When you have been in commercial real estate for over 30 years, you tend to have at least a few words of wisdom. Here are some of the observations we have made on how to successfully buy commercial real estate, which includes self-storage facilities, mobile home parks, RV parks, billboards – basically everything out there.
You make all your money by selecting what to buy
Real estate is a strange animal. The greatest value add you offer is the initial selection of the property. If you buy a bad property, even the greatest manager in the world cannot save you. And if you buy a great property, even the worst manager in the world cannot stop you from being successful. So the most important thing you can do as a buyer of real estate is to be a great shopper. You have to be able to identify what is an opportunity from what is not an opportunity. If you can’t tell the difference yet, then hold off buying until you figure it out.

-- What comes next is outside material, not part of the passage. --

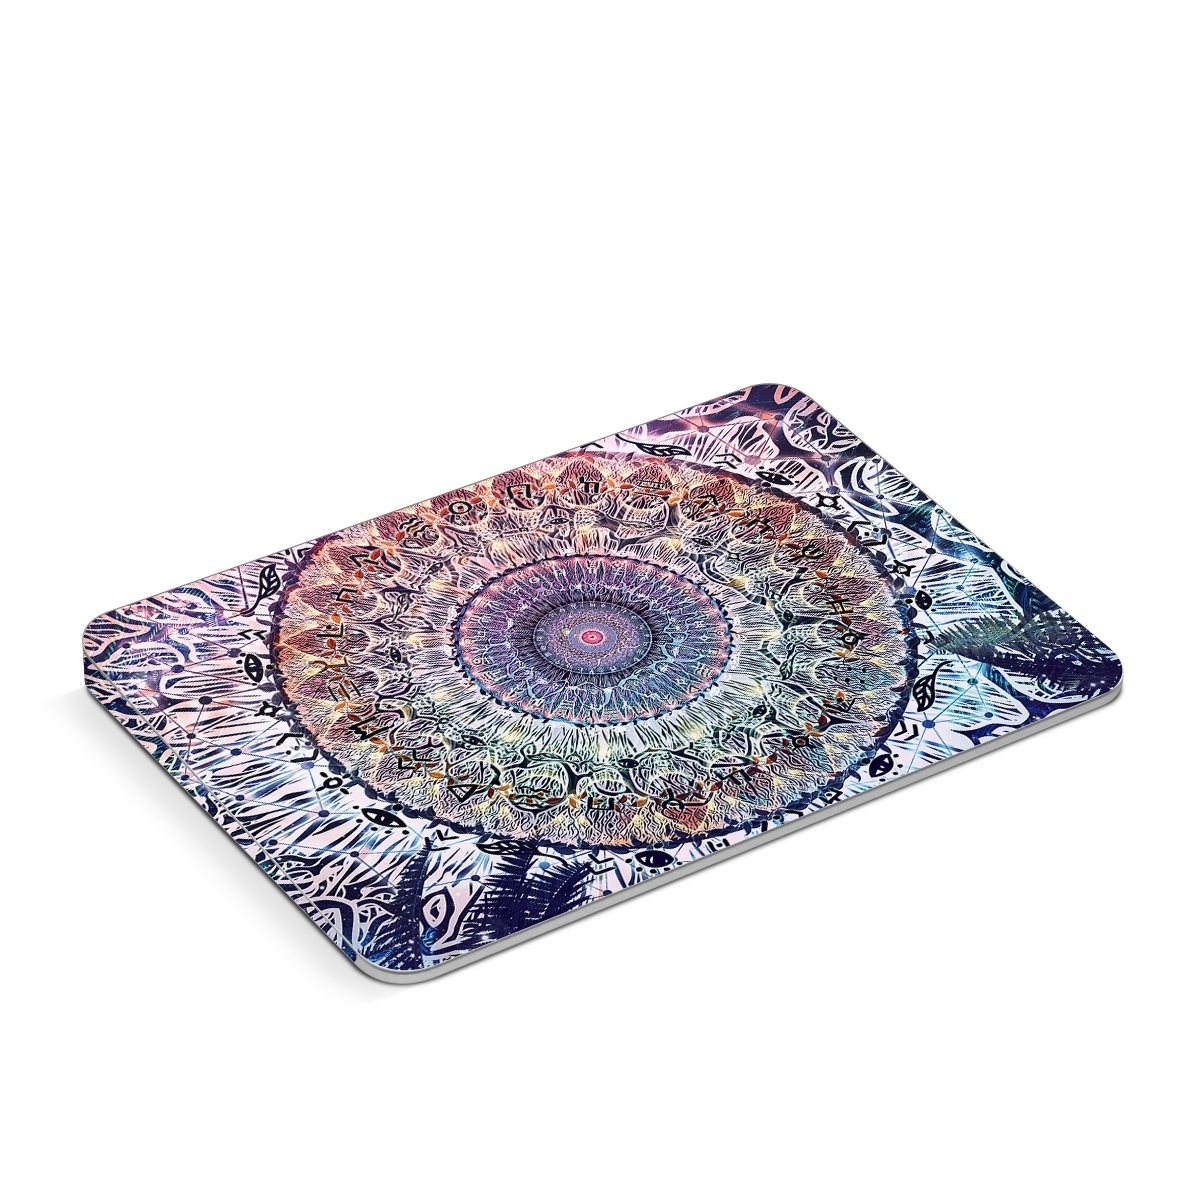 Apple Magic Trackpad Skin design of Tapestry, Pattern, Art, Close-up, Circle, Fractal art, Textile, Eye, Design, Kaleidoscope, with blue, red, yellow, purple, green colors

You must also understand timing and wait for it
You’ve heard the old expression “buy low and sell high”. A big part of that description relates to the macro market conditions. You want to buy when everybody else is selling, and vice versa. If the market is frothy with demand and prices are skyrocketing, then wait until it goes back down. Conrad Hilton, the famous American hotel tycoon, learned this lesson during the Roaring 20’s. After losing all of his hotels to foreclosure during the Great Depression, he said “the secret to real estate is to never build a hotel, but to let somebody else build it and then buy it for a penny on the dollar during a recession.” Some of America’s greatest fortunes were made during the Savings & Loan crisis of the late 1980’s, from people who sat by and waited until the booming market collapsed, and then bought those properties for next to nothing from the FDIC.

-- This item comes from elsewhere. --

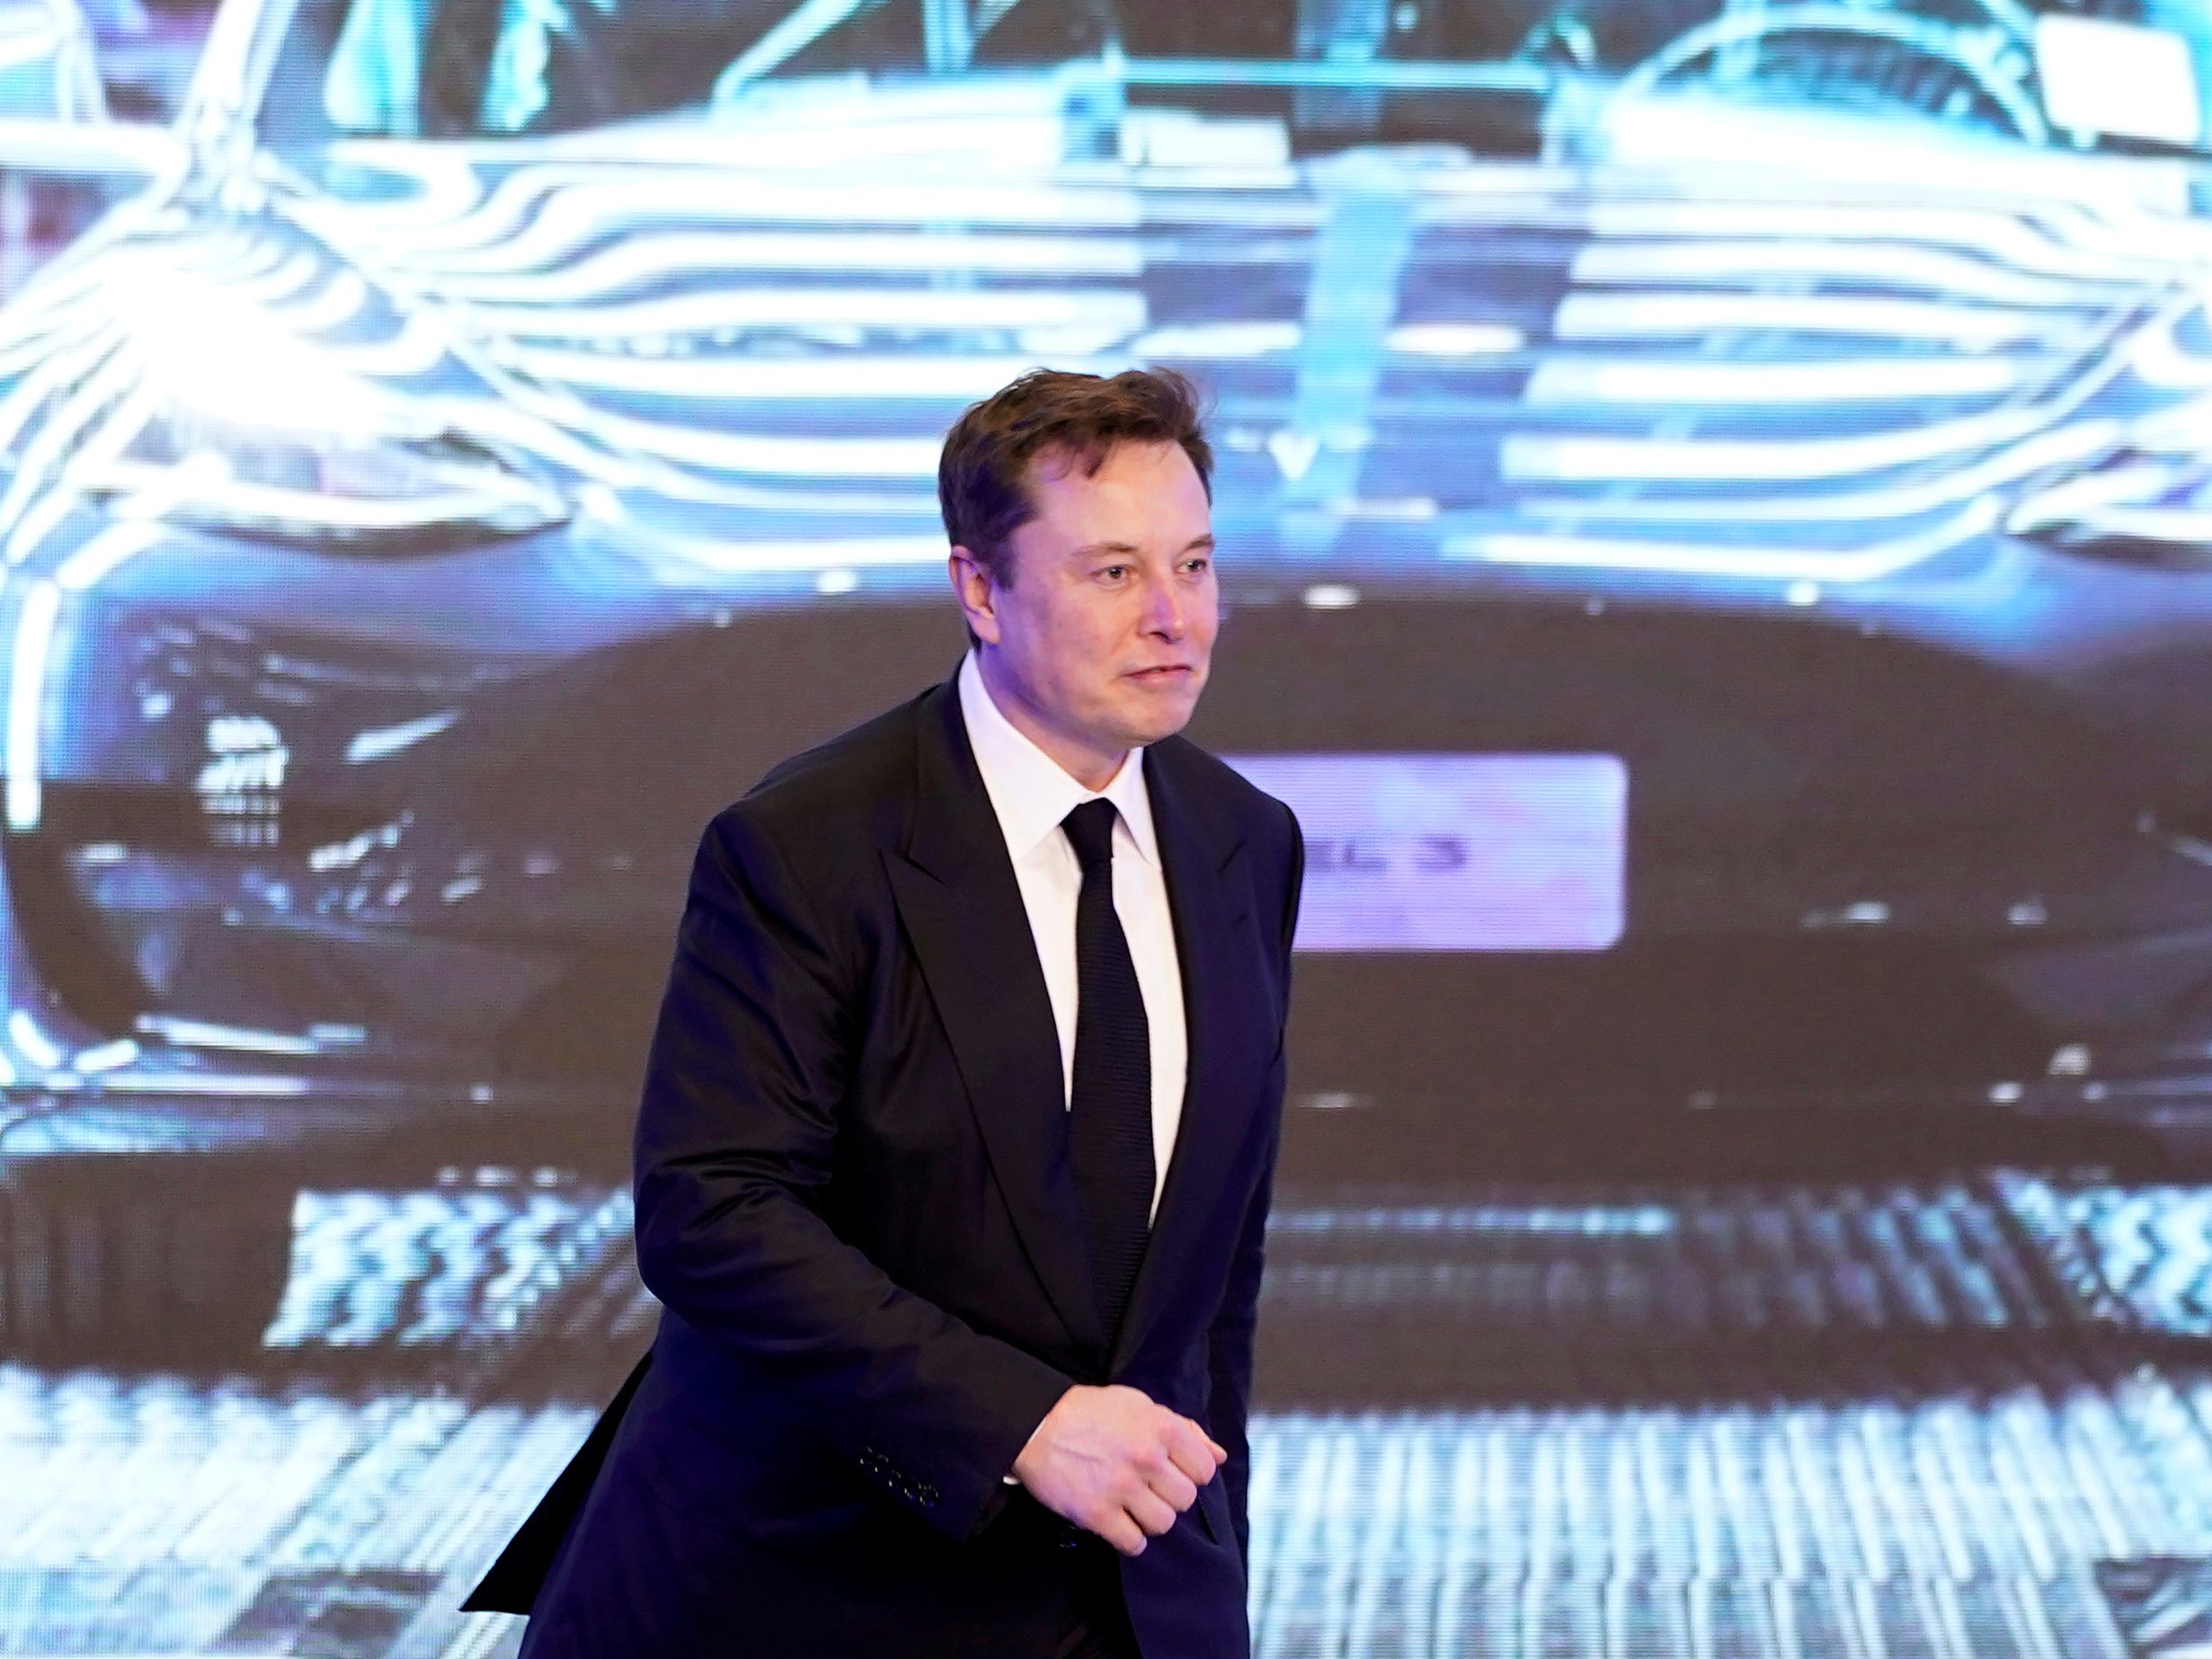 Tesla CEO Elon Musk in a black suit walks on stage in front of an image of a Model Y vehicle

You must be a master at due diligence
Benjamin Franklin once said “diligence is the mother of good luck”. He would have been a great real estate investor. That quote is as true today as it was in 1776. If you do not perform solid, in-depth due diligence on a property, then how can you expect it to perform as planned? That would be like a pilot not doing a check of the airplane before taking off. Sometimes you might get lucky, but most of the time you stand an excellent chance of crashing and burning.
Buy damaged goods and fix them
Many people fail to see the profit differential between buying something that is already in great shape and buying something that is poorly managed and making it into a property in great shape. Don’t turn your nose up to properties that have cosmetic challenges – things you can fix. You’ll get a huge discount, and cosmetic fixes are relatively easy and fast to make. Don’t confuse this with “structural” problems that are impossible to remedy, such as a poor location. But a coat of paint and a new sign are easy.
You must live by the motto "sell, sell, sell and cut, cut, cut"
To really succeed, you must focus on the key drivers to profitability: revenue and expenses. You must focus all your energies on these two arenas and not get sidetracked or fail to monitor your progress on these two important areas. Everything you do should revolve around pushing sales higher, and operating costs lower.
We’ve owned every type of commercial real estate, But the rules remain the same for every asset niche. If you buy great properties at a discount, perform great due diligence, and then manage them to their full potential, you will always succeed.